Charcot-Marie-Tooth disease dominant intermediate D

Rare Disease

MONDO:0011909

Also Known As

CMTDIDCharcot-Marie-Tooth disease caused by mutation in MPZCharcot-Marie-Tooth disease dominant intermediate type DCharcot-Marie-Tooth disease, dominant Intermediate type DCharcot-Marie-Tooth neuropathy dominant intermediate DDI-CMTDMPZ Charcot-Marie-Tooth diseaseautosomal dominant intermediate Charcot-Marie-Tooth disease type DCharcot Marie Tooth disease dominant intermediate 3Charcot-Marie-Tooth disease, dominant intermediate DCharcot-Marie-Tooth neuropathy, dominant Intermediate DDi-CmtdMPZ-related intermediate Charcot-Marie-Tooth neuropathy

Definition

Autosomal dominant intermediate Charcot-Marie-Tooth disease type D is a rare hereditary motor and sensory neuropathy characterized by intermediate motor median nerve conduction velocities (usually between 25 and 45 m/s) and signs of both axonal degeneration and demyelination without onion bulbs in nerve biopsies.
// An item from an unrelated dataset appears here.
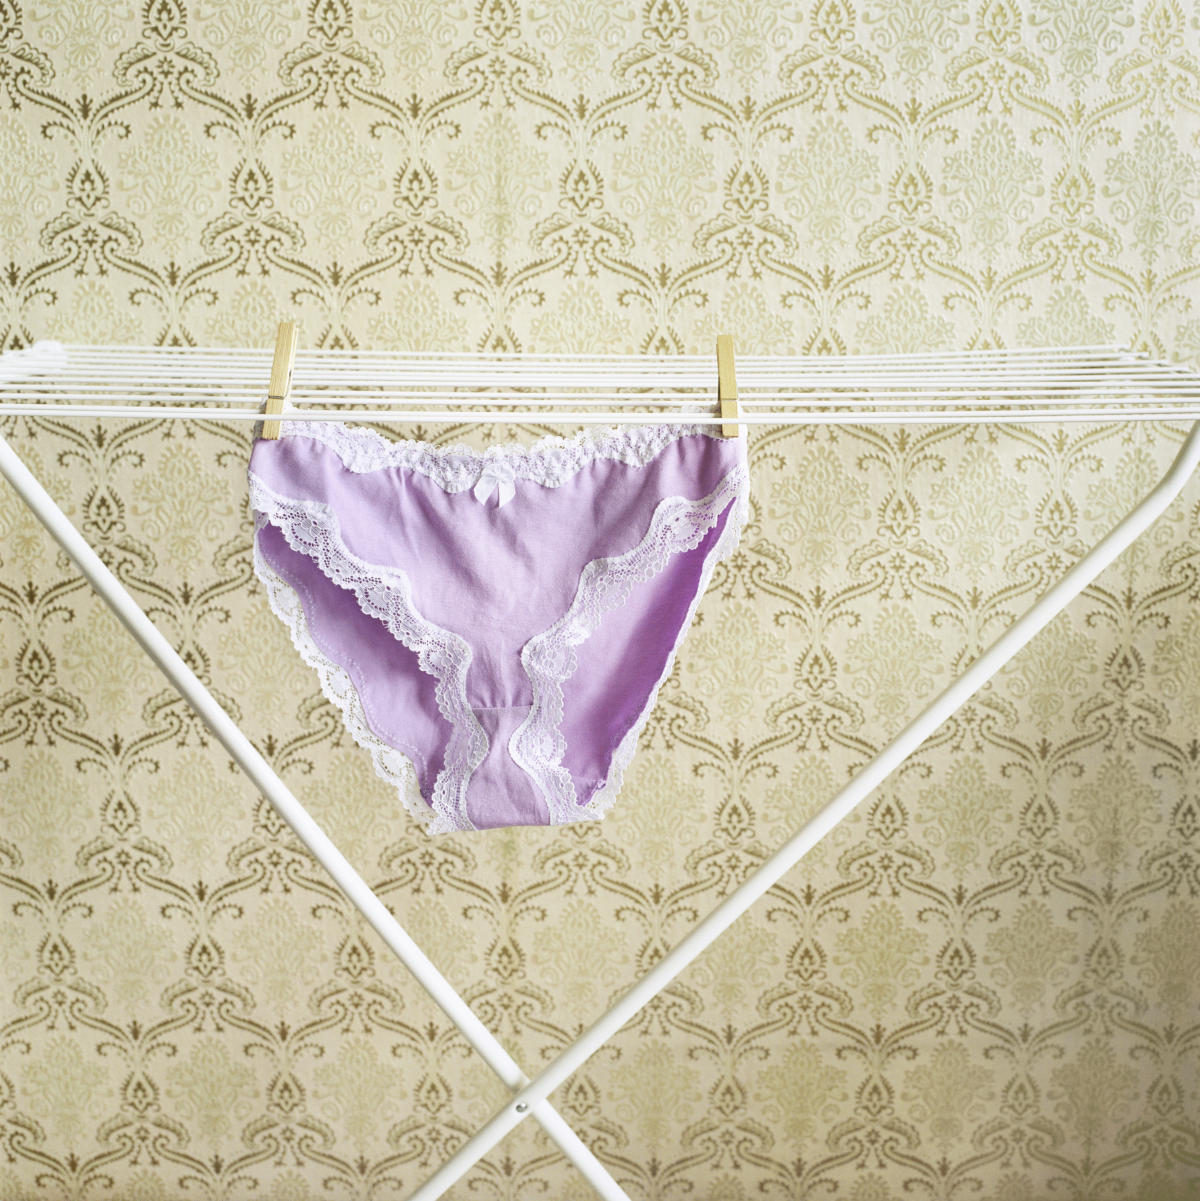 Ever noticed a bleached patch in your panties? Your vagina is to blame

It presents with usual Charcot-Marie-Tooth disease clinical features of variable severity (progressive muscle weakness and atrophy of the distal extremities, distal sensory loss, reduced or absent deep tendon reflexes, and feet deformities). Other findings in some of the families include debilitating neuropathic pain and mild postural/kinetic upper limb tremor.